[Recorded data]
BEGIN

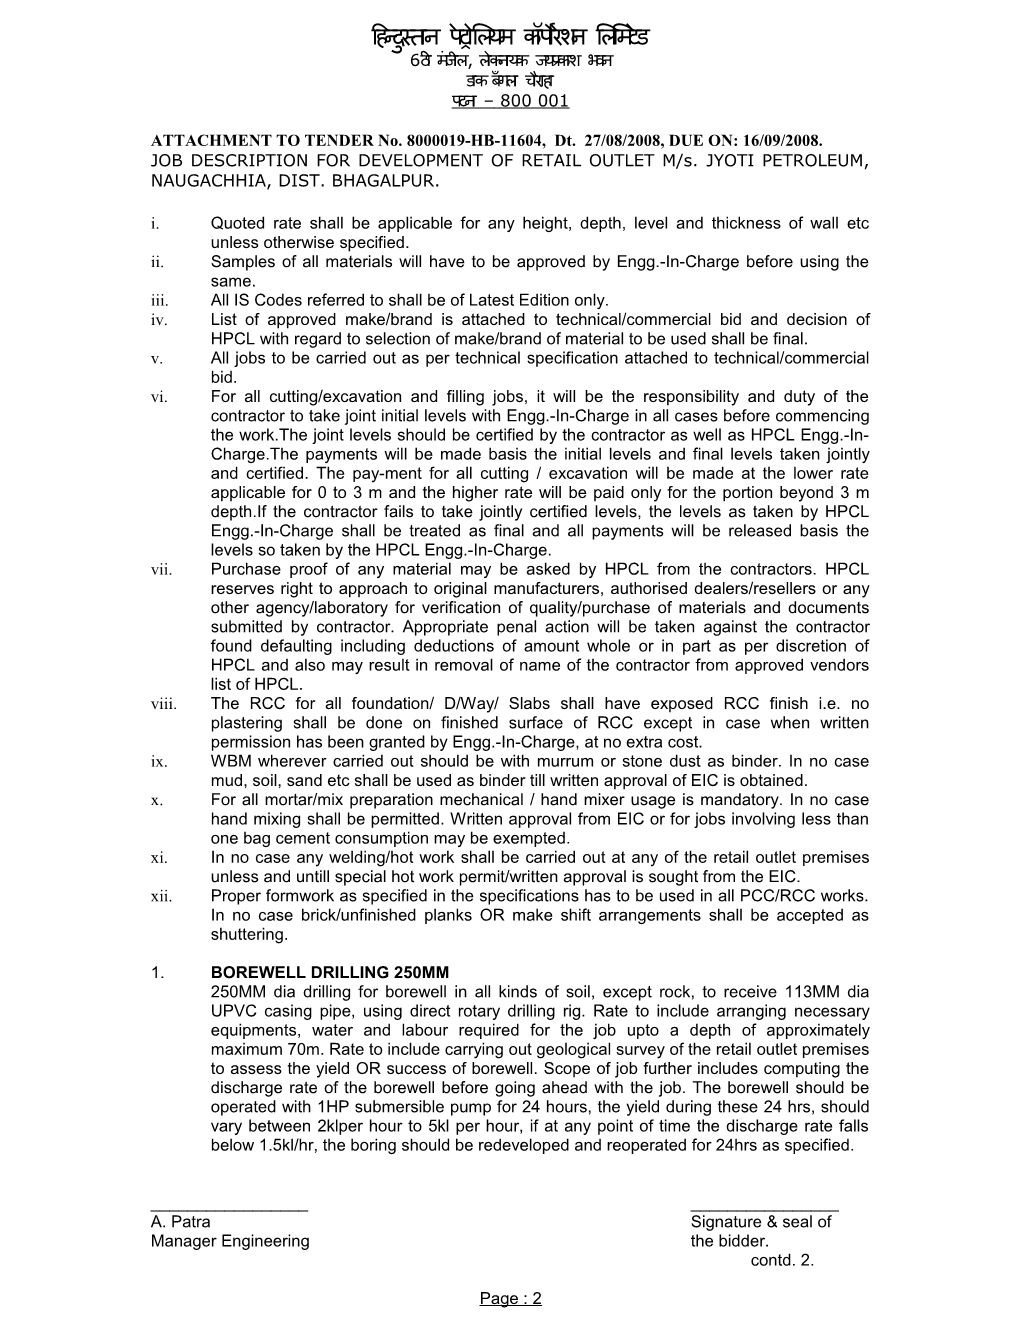 ATTACHMENT to TENDER No. 8000019-HB-11604, Dt. 27/08/2008, DUE ON: 16/09/2008
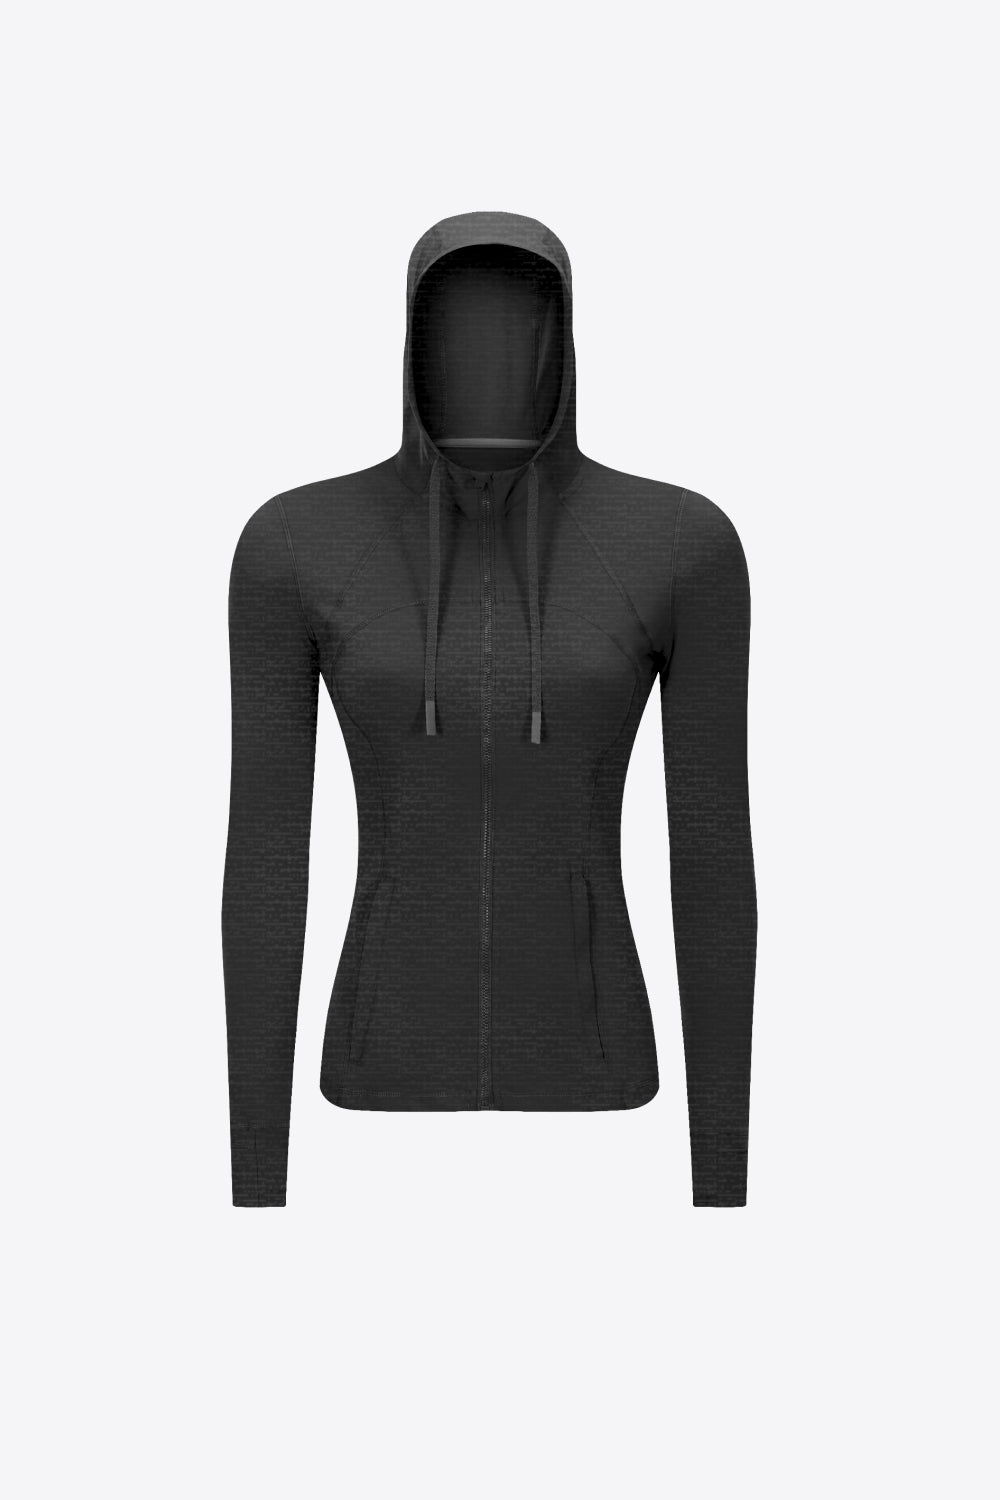 Women’s Drawstring Detail Zip Up Sports Jacket with Pockets
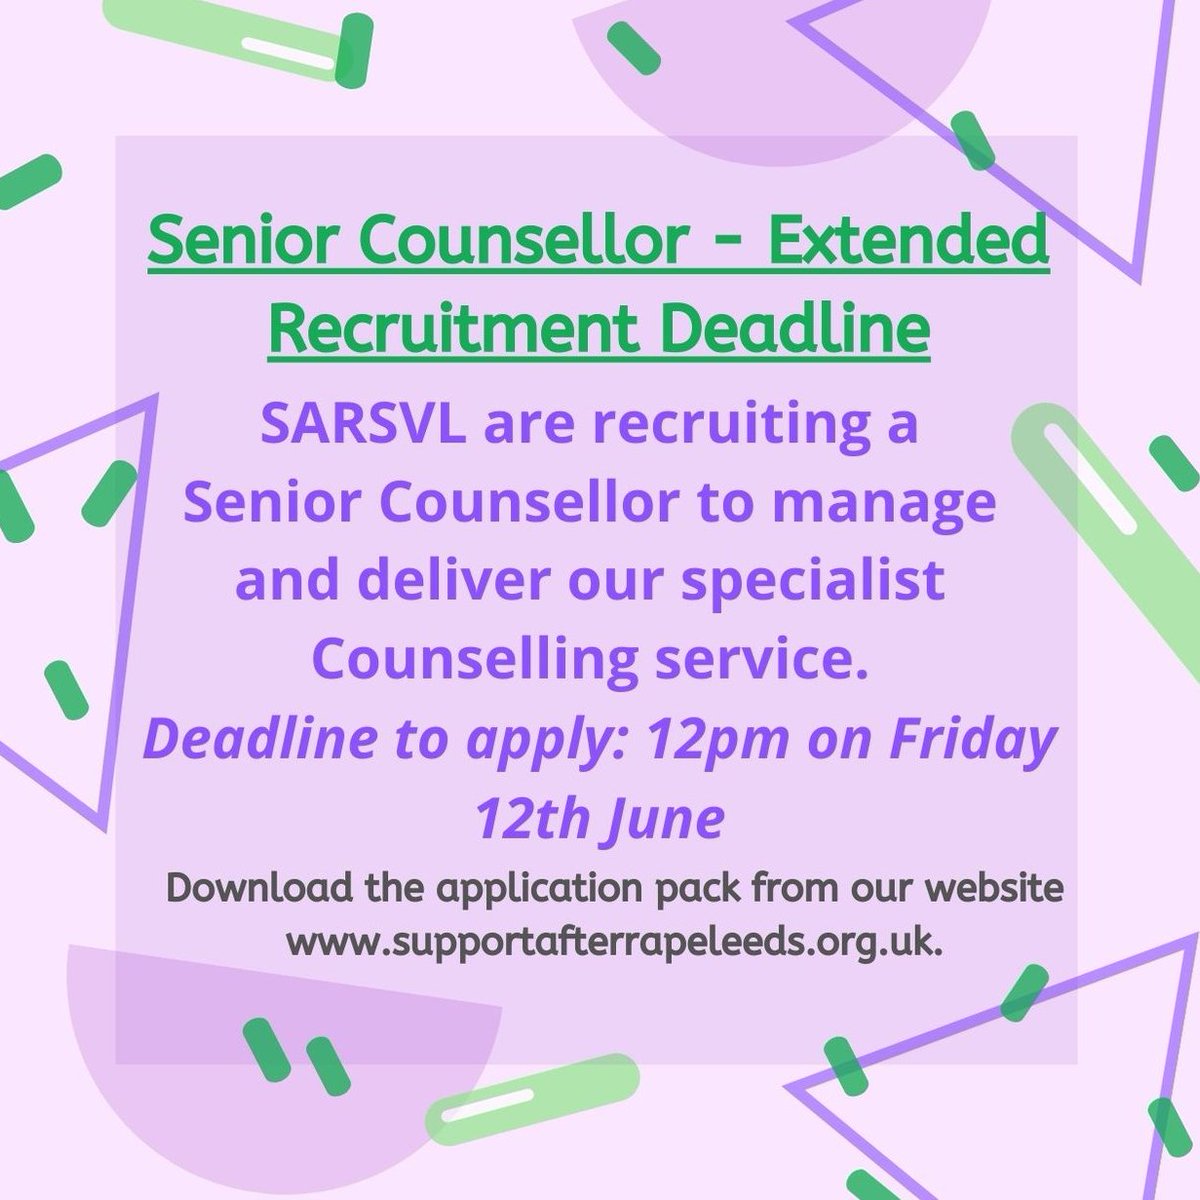 Our recruitment for a Senior Counsellor has been extended to this Friday 12th June at 12pm.
For the application pack and details about the post please visit our website: supportafterrapeleeds.org.uk/we-are-recruit…
#LeedsJob #CounsellingJob
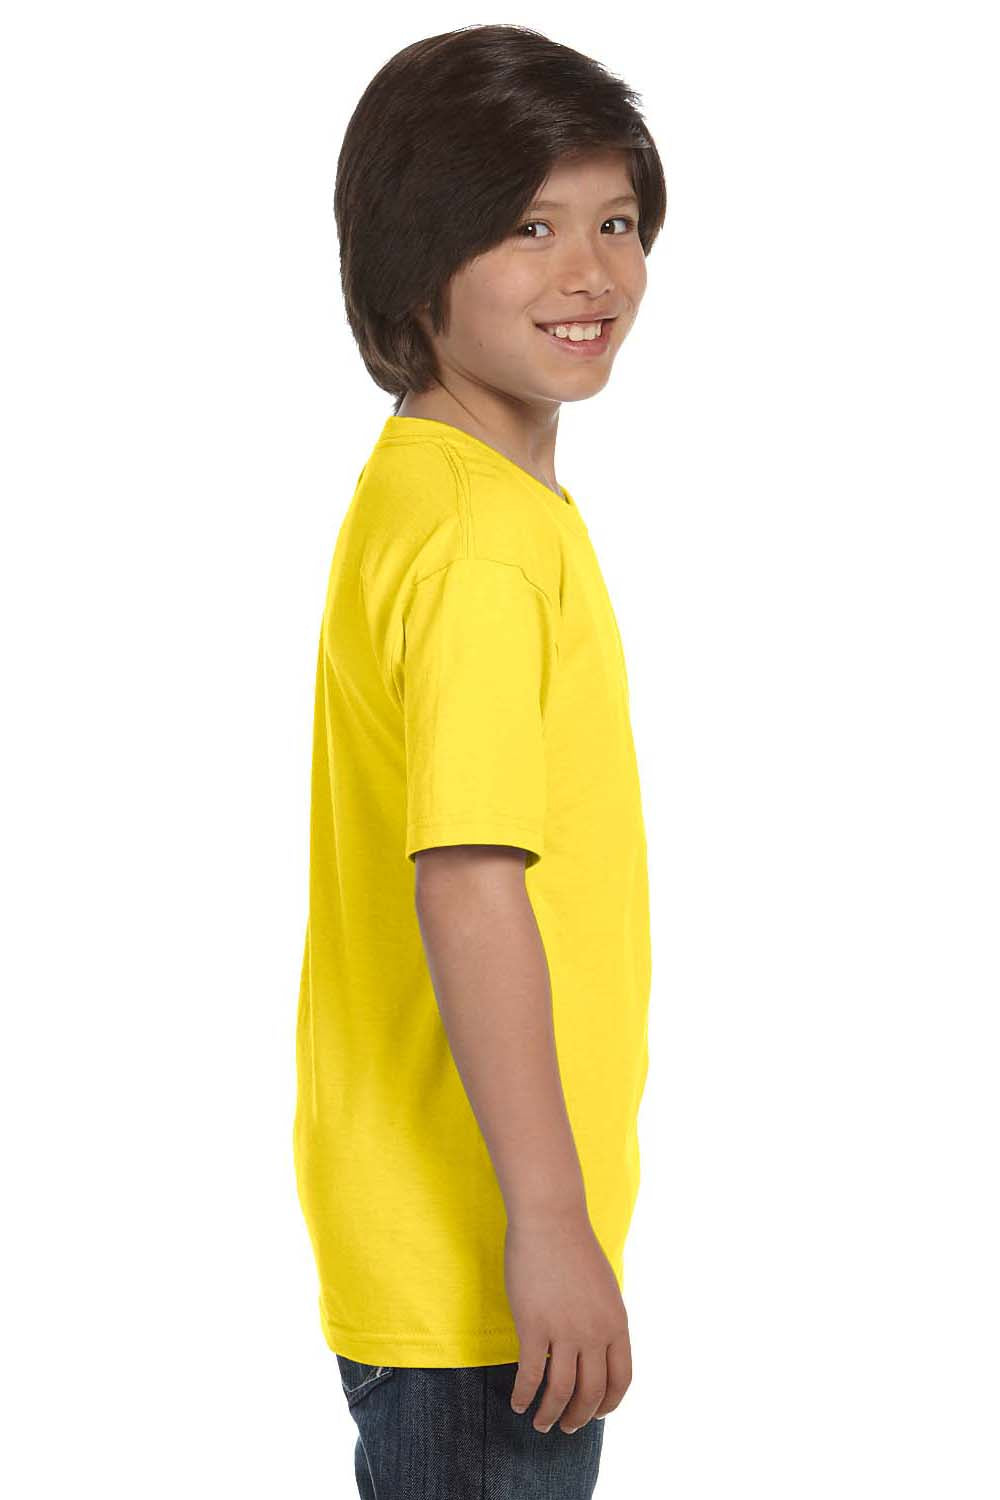 Hanes 5380 Youth Beefy-T Short Sleeve Crewneck T-Shirt Yellow Side
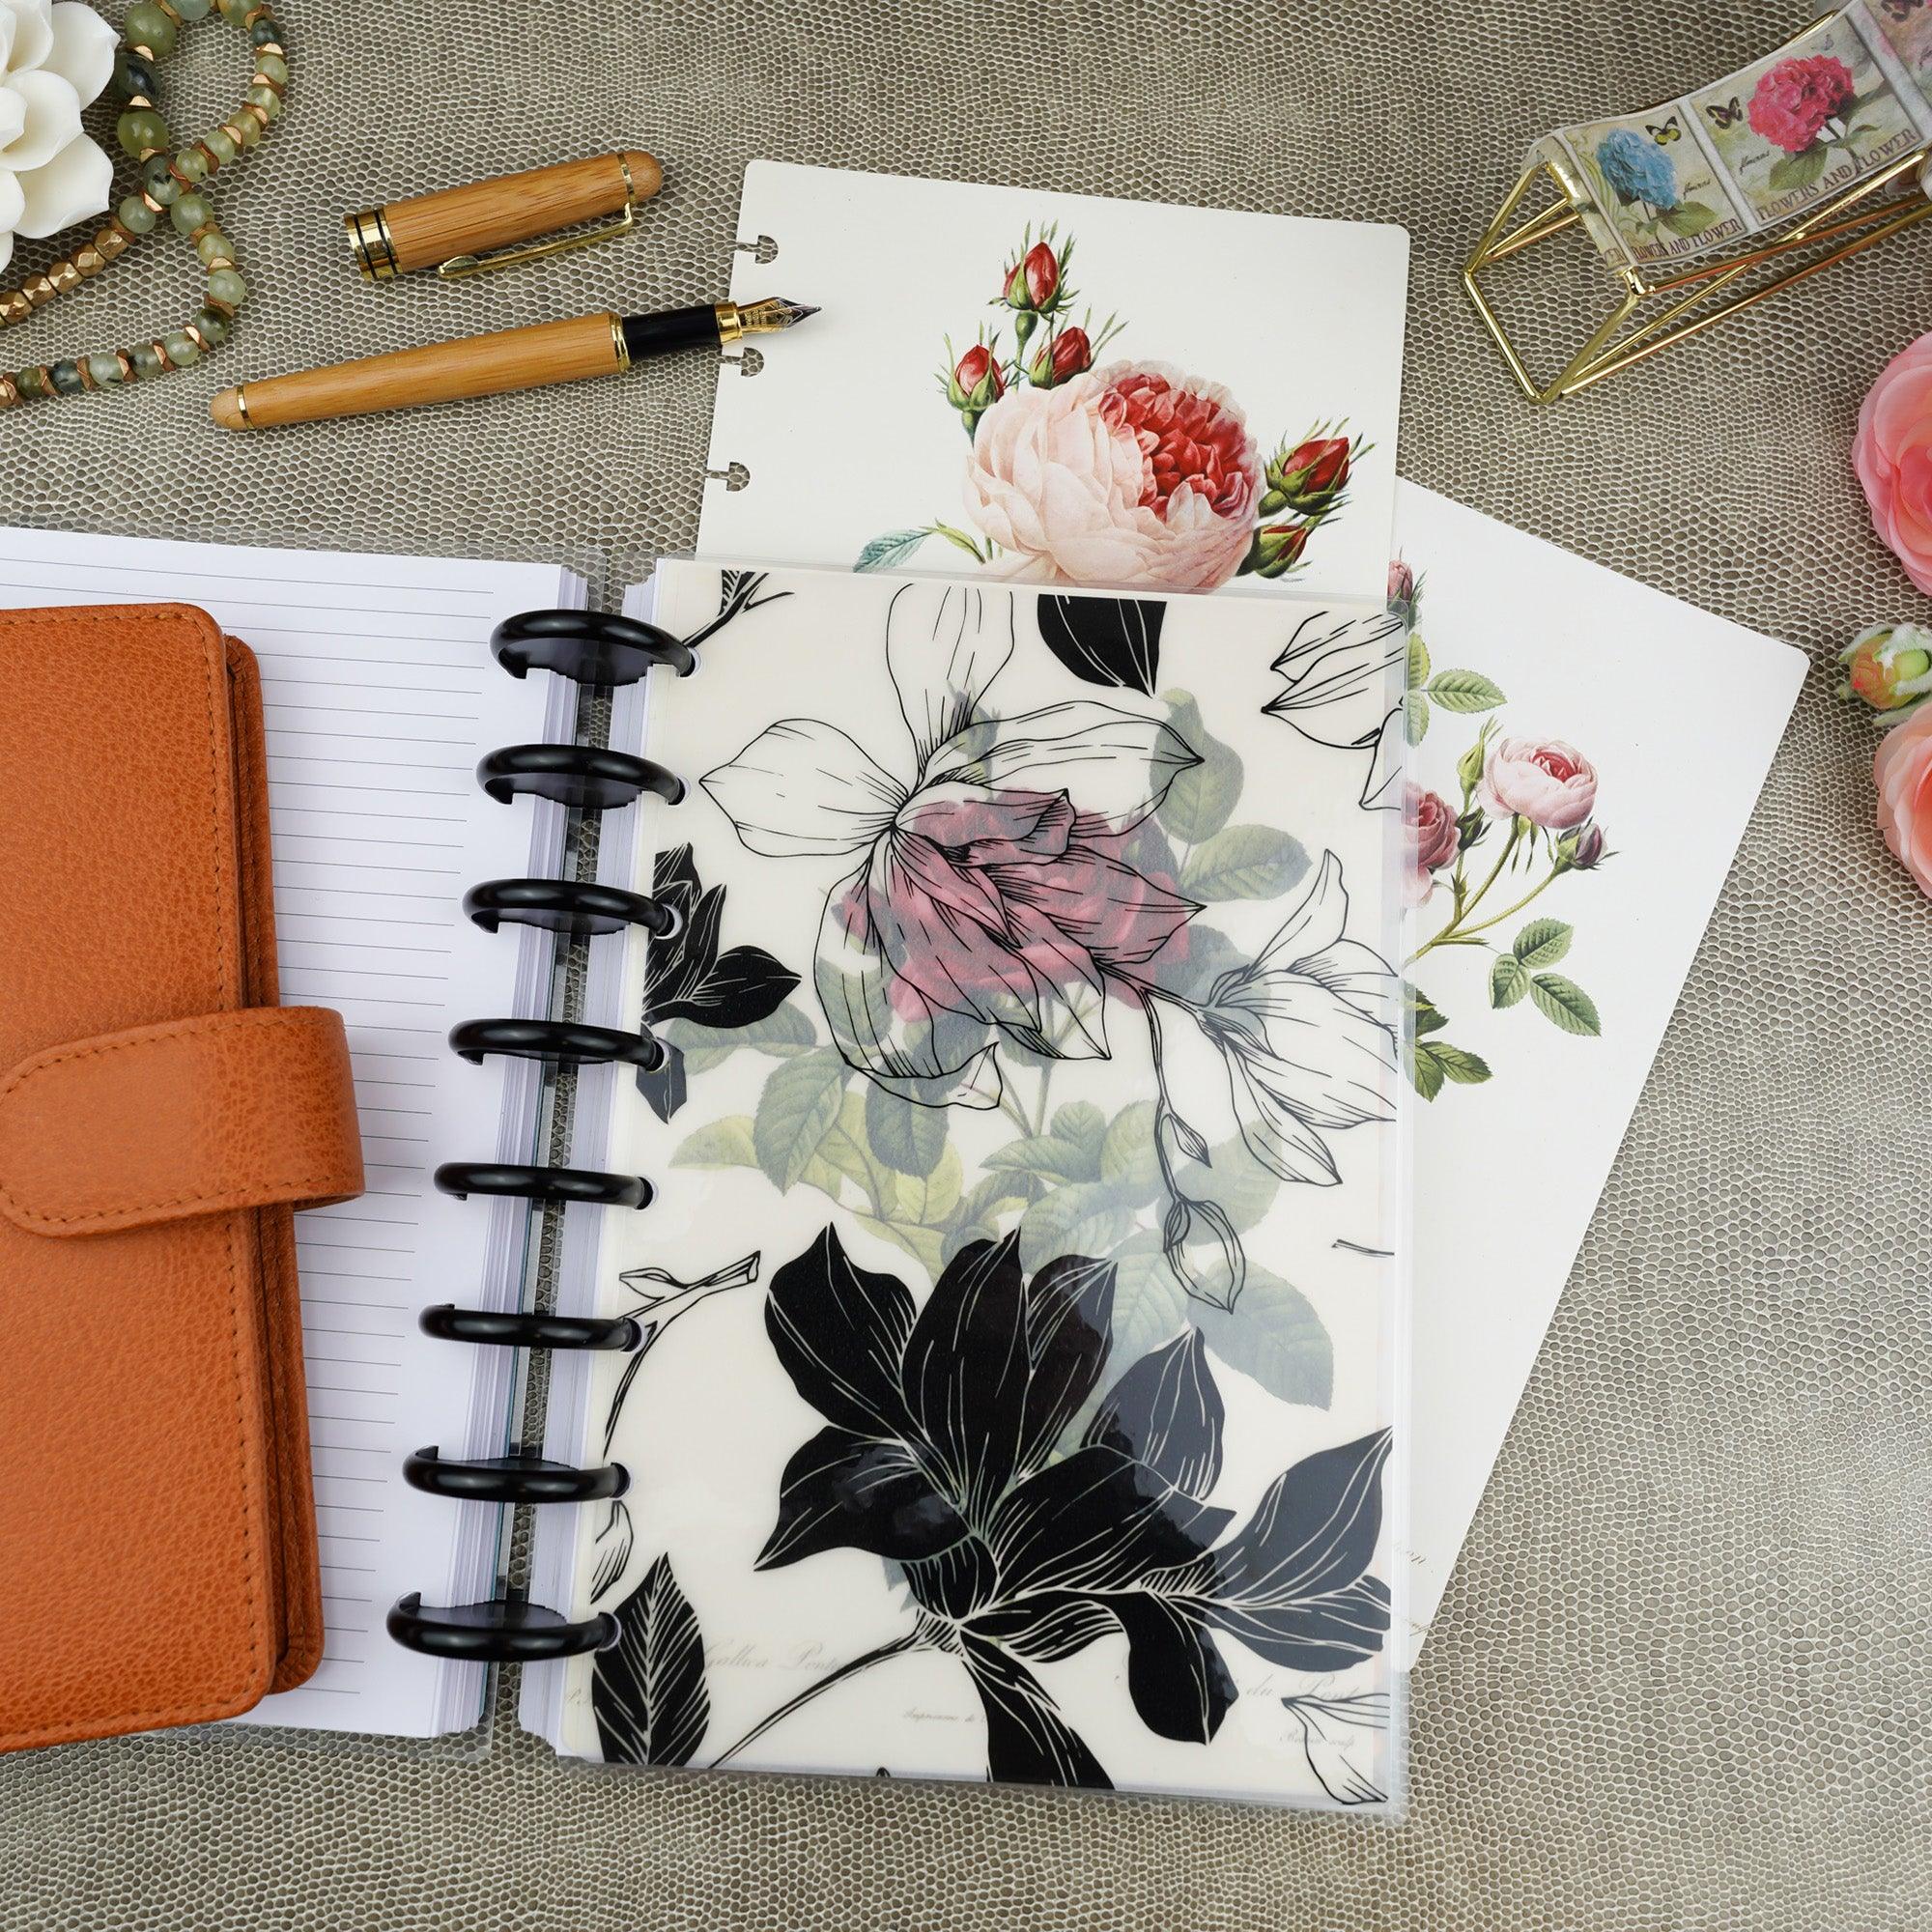 Magnolia floral printed planner dashboard for discbound and six ring planner systems by Jane's Agenda®.

END

THE PROBLEM> No pictures should appear in the copy. Reproduce exactly the lines from the line containing "#LeedsJob #CounsellingJob" through the last line of the data, inclusive.

SOLVED EXERCISE>
#LeedsJob #CounsellingJob
 Hanes 5380 Youth Beefy-T Short Sleeve Crewneck T-Shirt Yellow Side
 Magnolia floral printed planner dashboard for discbound and six ring planner systems by Jane's Agenda®.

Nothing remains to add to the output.